Both are on the table, and they're deliberately kept separate. Berube Consulting diagnoses and advises — that's this engagement. If the fix is an eager-load, a query rewrite, or a cache, it often gets handled inside the diagnostic. If it turns into real implementation work, that runs through Durable Programming (a separate firm, same David) as its own engagement — or you take the plan to your own team. There's no assumption a diagnosis turns into a build.
Enough to reproduce the problem: the repo (read access is fine), a copy or representative dump of the relevant data, and access to whatever APM you run (New Relic, Scout, Skylight, Datadog) plus production logs. For the deeper work, the slow endpoints, the request volume, and someone on your side who can answer questions about the app. We scope access to the minimum, sign an NDA up front, and work to your security requirements.
That's the Deep Diagnostic, and it's honest about being the hard case.
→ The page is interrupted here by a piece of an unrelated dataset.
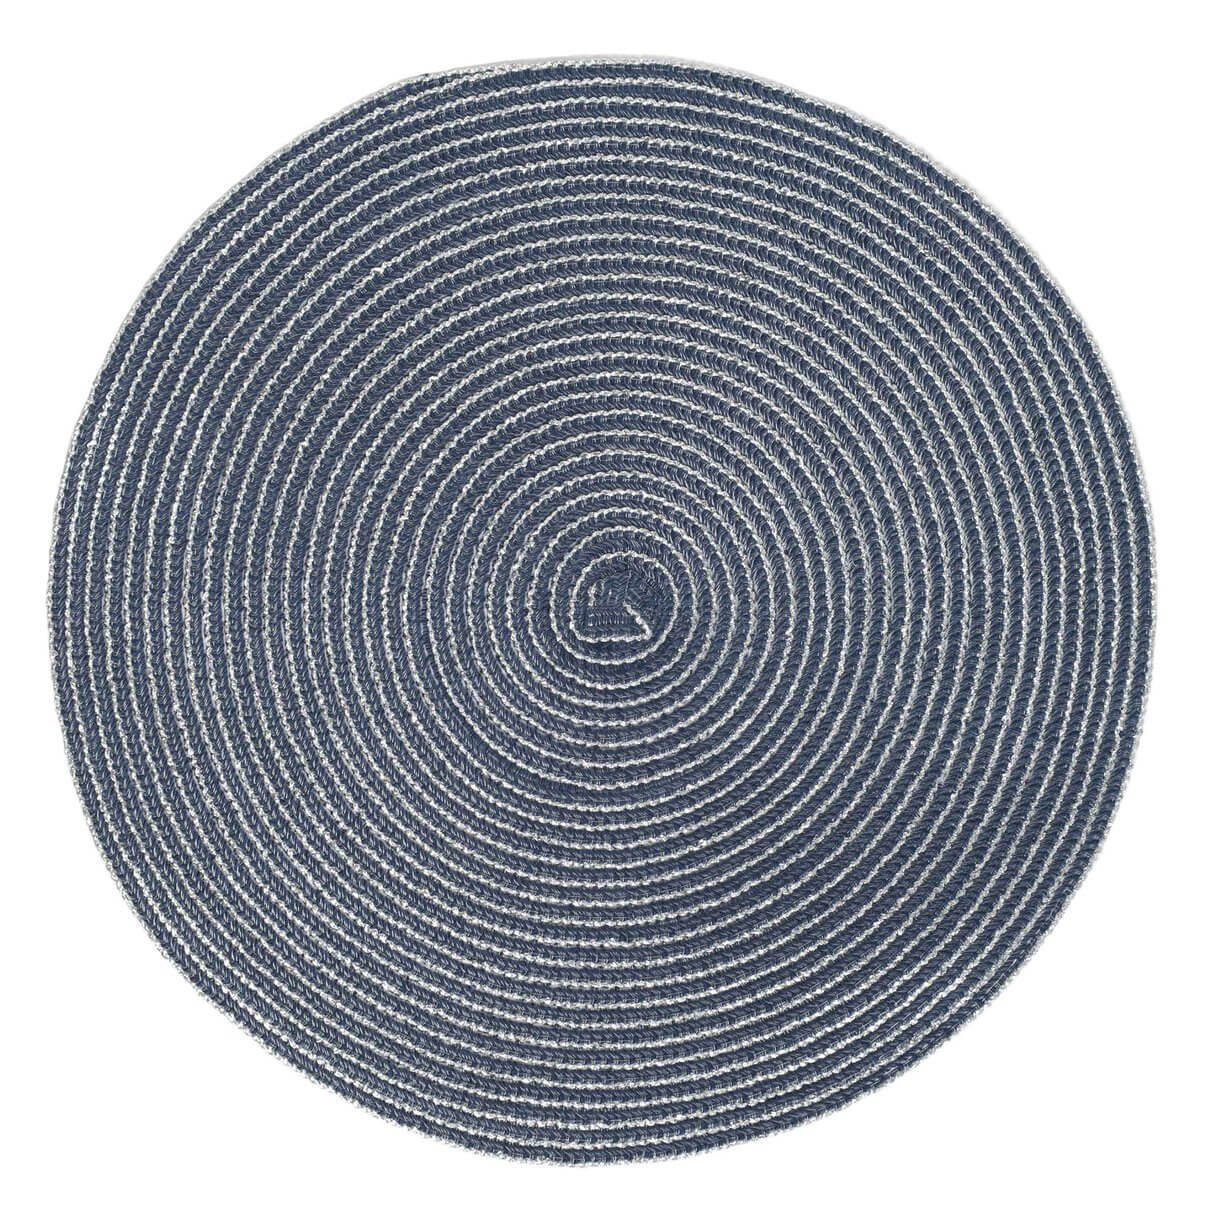 Салфетка под приборы, 38 см, полиэстер, круглая, темно-синяя, Rotary

Latency spikes that show up a few times a day — request queuing, a job storm, memory creeping up until the dyno restarts — are genuinely difficult, and sometimes the first job is just instrumenting the app so the event gets captured at all (request-level traces, GC stats, rack-mini-profiler in staging, a memory profiler under real load). We'll tell you what we're finding as we go, and we won't dress up a hard, unfinished hunt as a clean win.
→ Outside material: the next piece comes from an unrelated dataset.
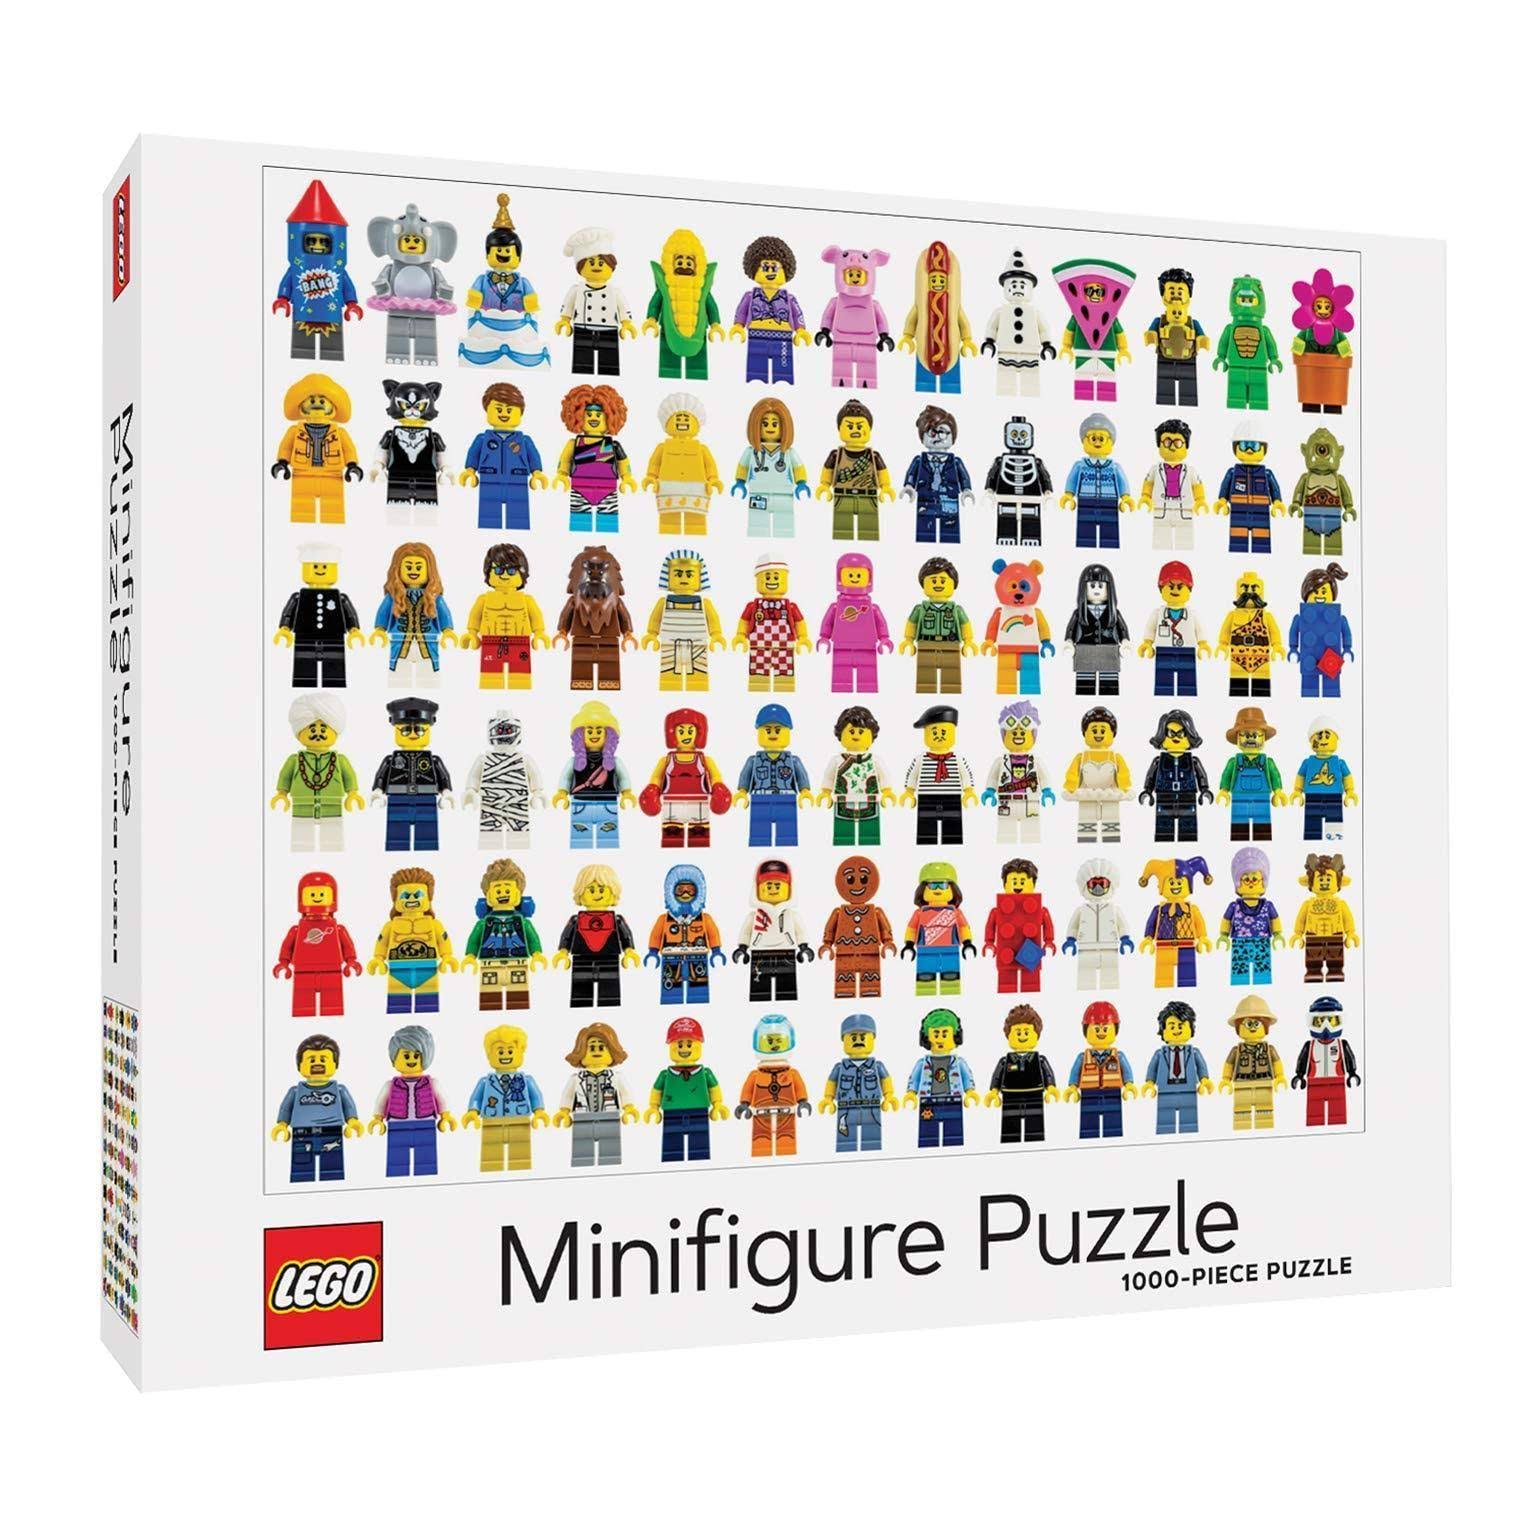 LEGO Minifigure 1000-Piece Puzzle

Sometimes the answer really is an `includes` or a missing index, and if that's the whole fix we'll tell you so instead of inflating the engagement. More often it's a mix: an N+1 hidden behind a serializer, a controller loading 40,000 rows to render 40, a view that renders thousands of partials, a Sidekiq job hammering the database, a cache that never hits, or memory bloat forcing restarts. The point is to find the actual bottleneck — with a profiler, not a checklist.
Ruby on Rails across the versions you'll find in production, from older 4.x/5.x apps through current. Postgres or MySQL underneath, Sidekiq / GoodJob / Resque for jobs, Redis, Puma, Hotwire or a JS front end — the performance work applies across them. Tooling is the usual Ruby kit: rack-mini-profiler, the Bullet gem, derailed_benchmarks, stackprof / vernier, memory_profiler, and your APM. The database underneath is often the real bottleneck, and that's squarely in scope.
David Berube, directly — not a junior assigned to your account. He co-founded Casting Frontier and was its technical lead through a 2020 acquisition by Talent Systems, architecting the Rails platform behind a database of 800,000+ actors used across 45+ of the Fortune 100. He wrote *Practical Ruby Gems* (Apress) and several other books on software development, and has 20+ years of production Ruby and Rails behind him. Rails performance is one of the things he is genuinely best at.
The prices above are honest starting points. A tightly-scoped Quick Win on one endpoint is the cheapest door in; a full assessment or an intermittent-slowdown hunt costs more because it's more work. We scope and quote before starting, the common engagements are fixed-fee, and you'll know the number before you commit. If your problem is smaller than the smallest tier, we'll say so.